I got level halfpipes as well. I like em but i'd love to ride without wrist guards. Its just nicer to not have the bulk.
The halfpipes seem good, not super warm and I don't like the gauntlet-over jacket style. Its bulky and ugly. I actually managed to get my jacket over them today but it took some work.
They do work though.

I'm just gonna learn to fall instead.


----------



## Irahi (May 19, 2011)

I own both flexmeters and a pair of level halfpipes. The flexmeters absolutely have better protection, but are pretty massive, the standalone wristguards actually blew out a couple pairs of hestra gloves that I had, but worked pretty well with some dakine titans that I sized up with (usually medium in gloves, wore a large with the flexmeters.)

The flexmeter gloves that are available in the US are... frankly pretty trashy. Still great protection, but the gloves are not breathable in the slightest, and are only sort of waterproof. I still use them on days where there's no precipitation, but I still sweat into them and they end up soaked by the end of the day regardless.

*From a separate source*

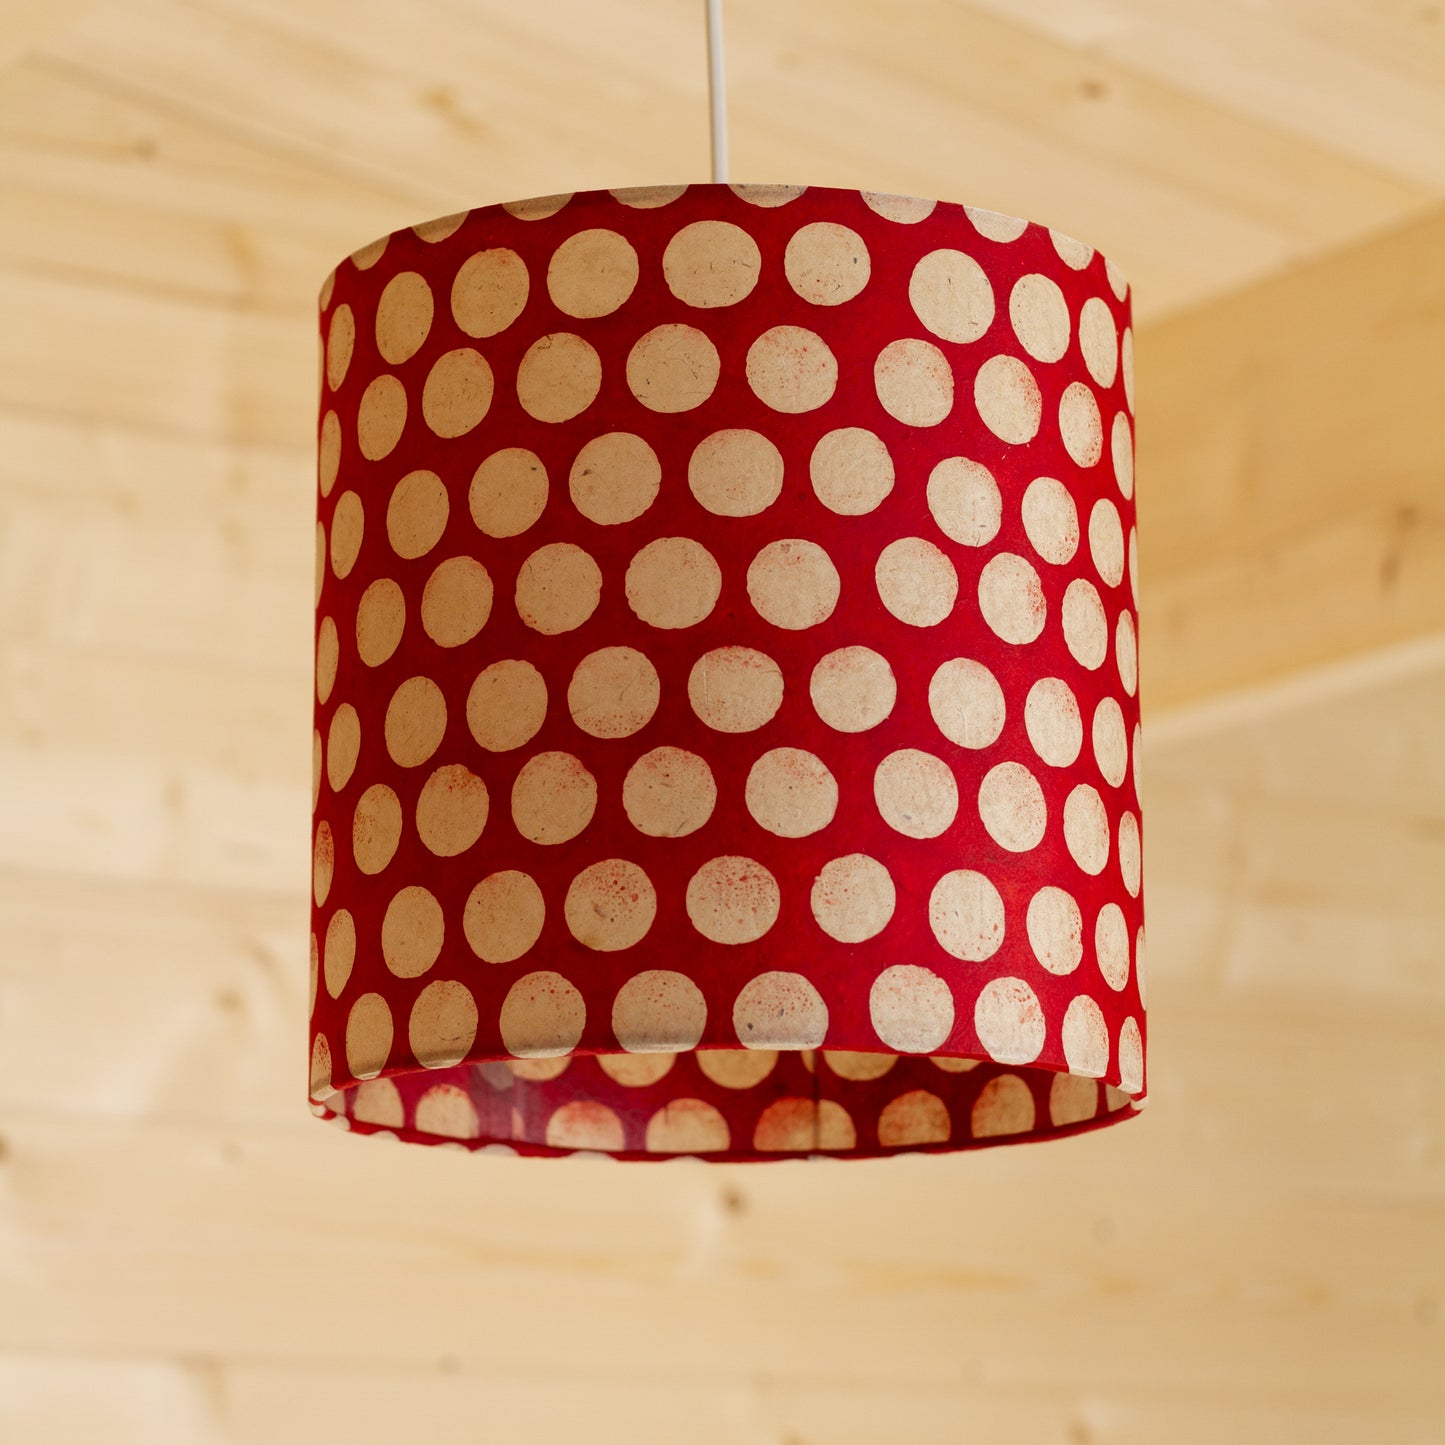 Drum Lamp Shade - P84 - Batik Dots on Red, 25cm x 25cm

Level, on the other hand, makes fantastic gloves, I absolutely love the build quality on the halfpipes, and they have every feature you could possibly want on a glove. The downside of course is that the protection just isn't as good as the flexmeters. They're still superior to most of the shorter standalone wristguards, but they work by a different mechanic so they don't actually feel quite as protective. The wristguard itself is very inobtrusive, I barely even notice it's there, especially compared to flexmeters, but even compared to other small wristguards they're very, very small.


----------



## grafta (Dec 21, 2009)

There's no doubt the level gloves work as advertised. They don't 'feel' like they are as solid as other rigid wrist guards... that makes sense, as they work on a different flexible tech


----------



## Jenzo (Oct 14, 2008)

Yea the bulk of protection can get annoying, but it's mainly for learning stuff I haven't done before. Well amazingly my order has reappeared in Canada so I will end up with the REDs after all. I will report on how they work and if I end up with a broken arm :laugh:


----------